Clinical Application of the CPC

The CPC are a resorbable material with osteoconduction, which are not toxic, not exothermic and excellently biocompatible, but their mechanical properties are not ideal which limits their clinical utilisation. They are only used to fill small bone defect or to augment bone volume as bone substitute. Shindo et al. [123] reported that CPC has been used to augment the supraorbital ridge in dogs, as well as in a variety of skull base defects. It was also used in 24 patients, to augment or obliterate the frontal and ethmoid sinus regions and mastoid cavities. When these patients were observed for 2 years, it was necessary to remove the material in only a patient. Kveton et al. [124, 125] reported on the 2-year follow-up of 15 patients who underwent CPC reconstruction for translabyrinthine, middle cranial fosse, and suboccipital craniectomy; no complication were shown. Stankewich et al. [126] and Goodman et al. [127] showed augmentation of femoral neck fracture with CPC, which significantly improved the initial stability and failure strength of the fractures. The cement has also been used to stabilise distal radius fracture in 6 patients and appeared to promote healing and permit early mobilisation of the wrist. [128] Kopylov et al. [129] used an injectable calcium phosphate bone cement, with external fixation in the treatment of redisplaced distal radial fractures by a prospective randomised study in 40 patients. The chosen primary effect variable was grip strength at 7 weeks. Patients treated by injection of CPC had better grip strength, wrist extension and forearm supination at 7 weeks. There was no difference in functional parameters at 3 months or later. None of the methods could fully stabilise the fracture: radiographs showed a progressive redislocation over time.

Development of the CPC

The rational of using CPC is that this material will be completely resorbed and replaced by new bone. Two processes are simultaneously involved: (1) the degradation of CPC performed by osteoclasts and macrophagtes, and (2) the creation of new bone performed by osteoblasts. The presence of CPC particles could disturb the osteoblasts ability to make new bone. An unstable mechanical situation could result if the bone formation is delayed by the particles resulting from the CPC degradation. It would then be important for future CPC development to minimise the generation of particles smaller than 10 μm.

Since the mechanical properties limit the clinical utilisation of the CPC, its composition or the adjuvants may be modified to maximise crystallisation to improved the mechanical properties. On the other hand, the equilibrium between osteogenesis and biodegradation is attentively thought. When CPC is rapidly resorbed during implantation and new bone formation is insufficient in the implanted site, or slowly resorbed to prevent the new bone formation and CPC loose its initial properties, the mechanical properties are decreased.

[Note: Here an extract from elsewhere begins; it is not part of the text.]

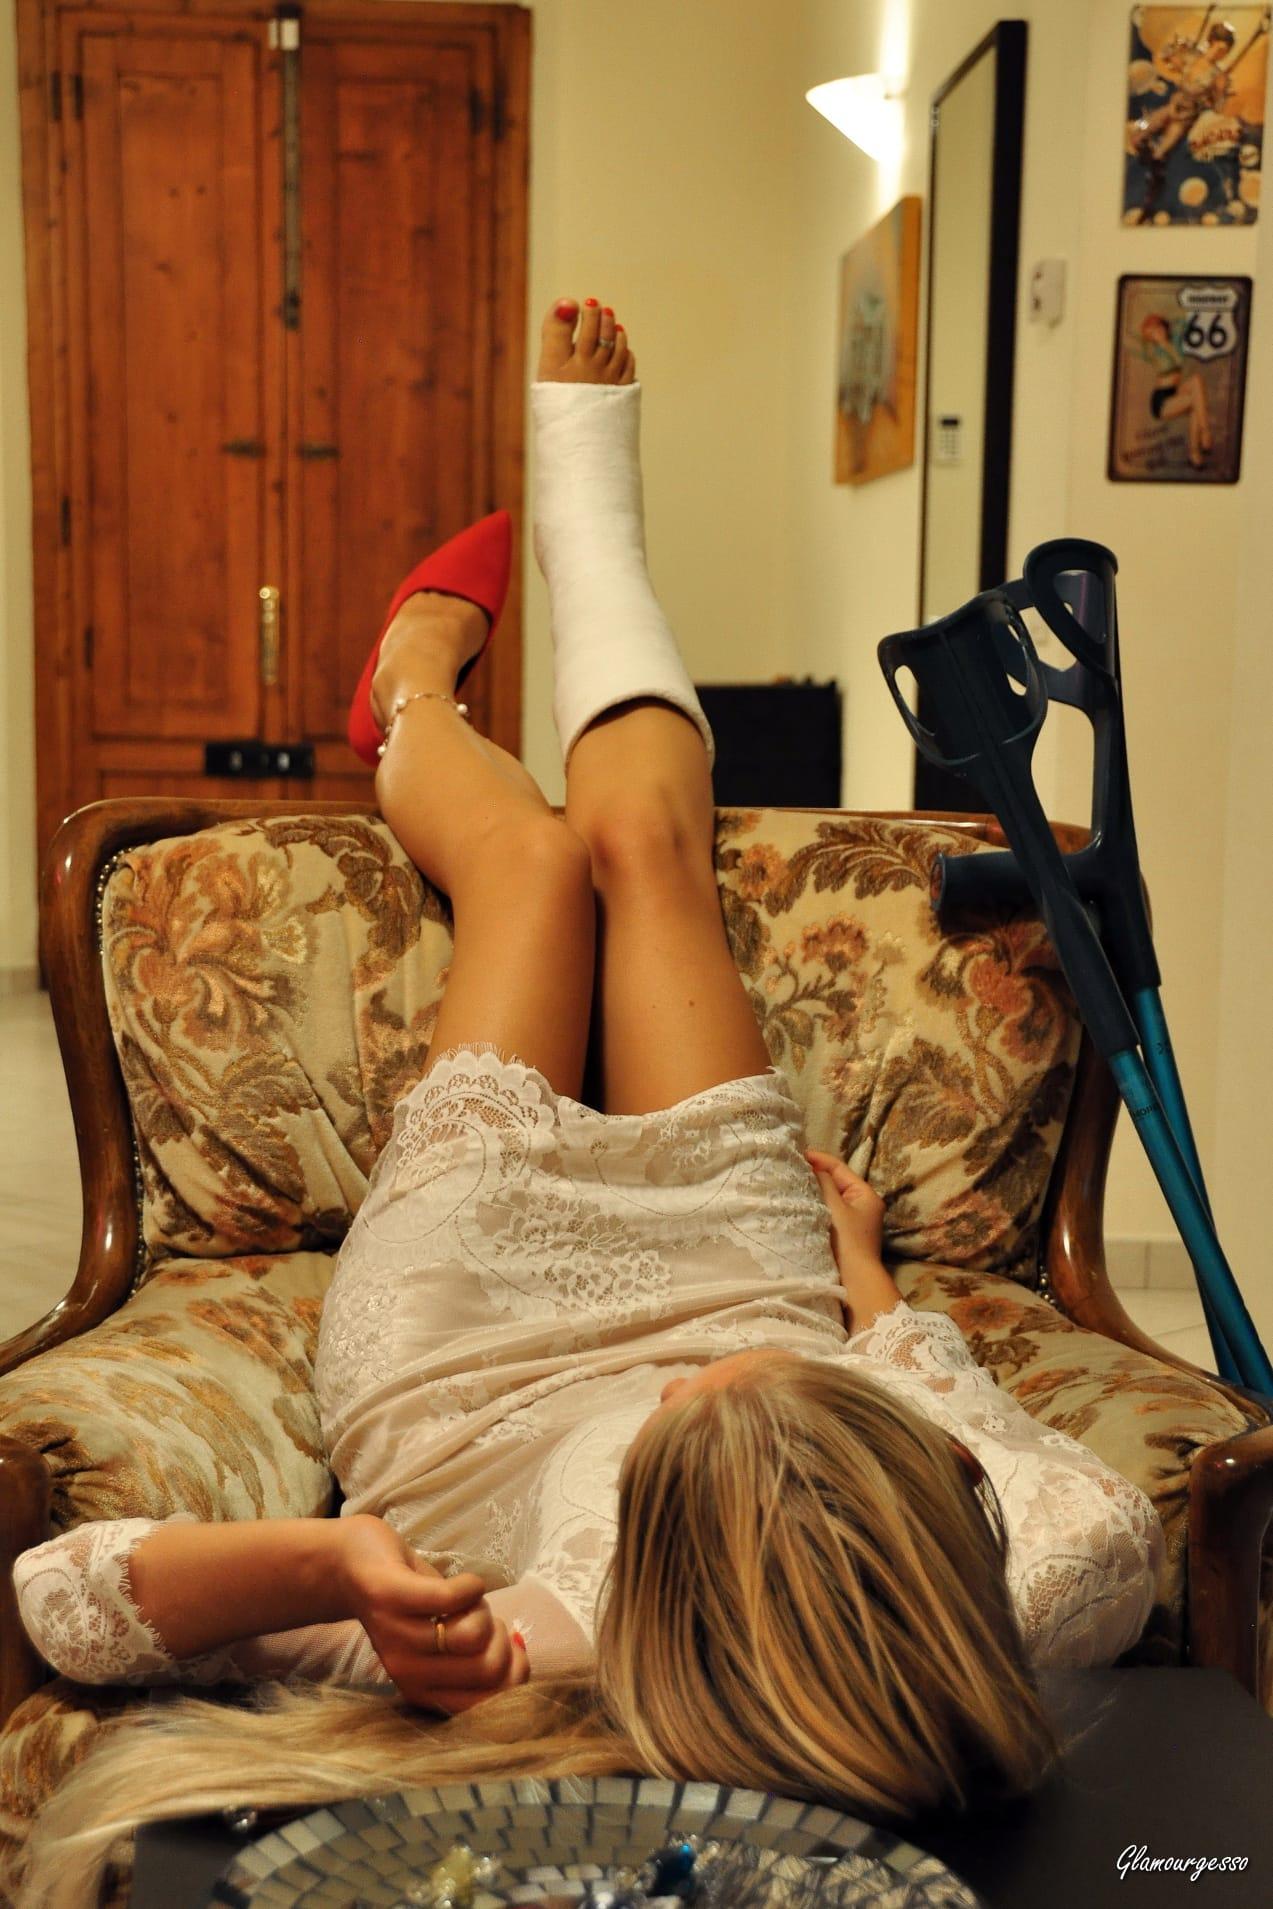 SVITLANA 5 days SLC - Ukrainian professional model Svitlana wears her Long-Term SLC, showing you her attitude on crutches in variuos feminine outfits.

In orthopaedic surgery, PMMA cements are frequently used to fix prosthesis until today due to strong mechanical fixation, but this fixation presents loosening, especially in long term, because of the absence of biological fixation by bone tissue. For the fixation of surgical prosthesis, there is ideal to obtain the mechanical fixation in short time (during 1–3 months) and the biological fixation in long time (starting after 1 month). The mechanism of this fixation supposes that prosthesis are placed with a fixation by bone cement or by bone tissue, then the cement is resorbed and conducts new bone formation till the surface of prosthesis with excellent osteointegration to obtain the biological fixation. We think that when non-cemented prosthesis is combined with CPC, there is: (1) a mechanical fixation due to non-cemented prosthesis with a blockage between the prosthesis and bone tissue, and (2) the cement can fill the residual cavity around prosthesis. Ostoegenesis and an osteoconduction will lead to the fixation of the prosthesis by new bone formation.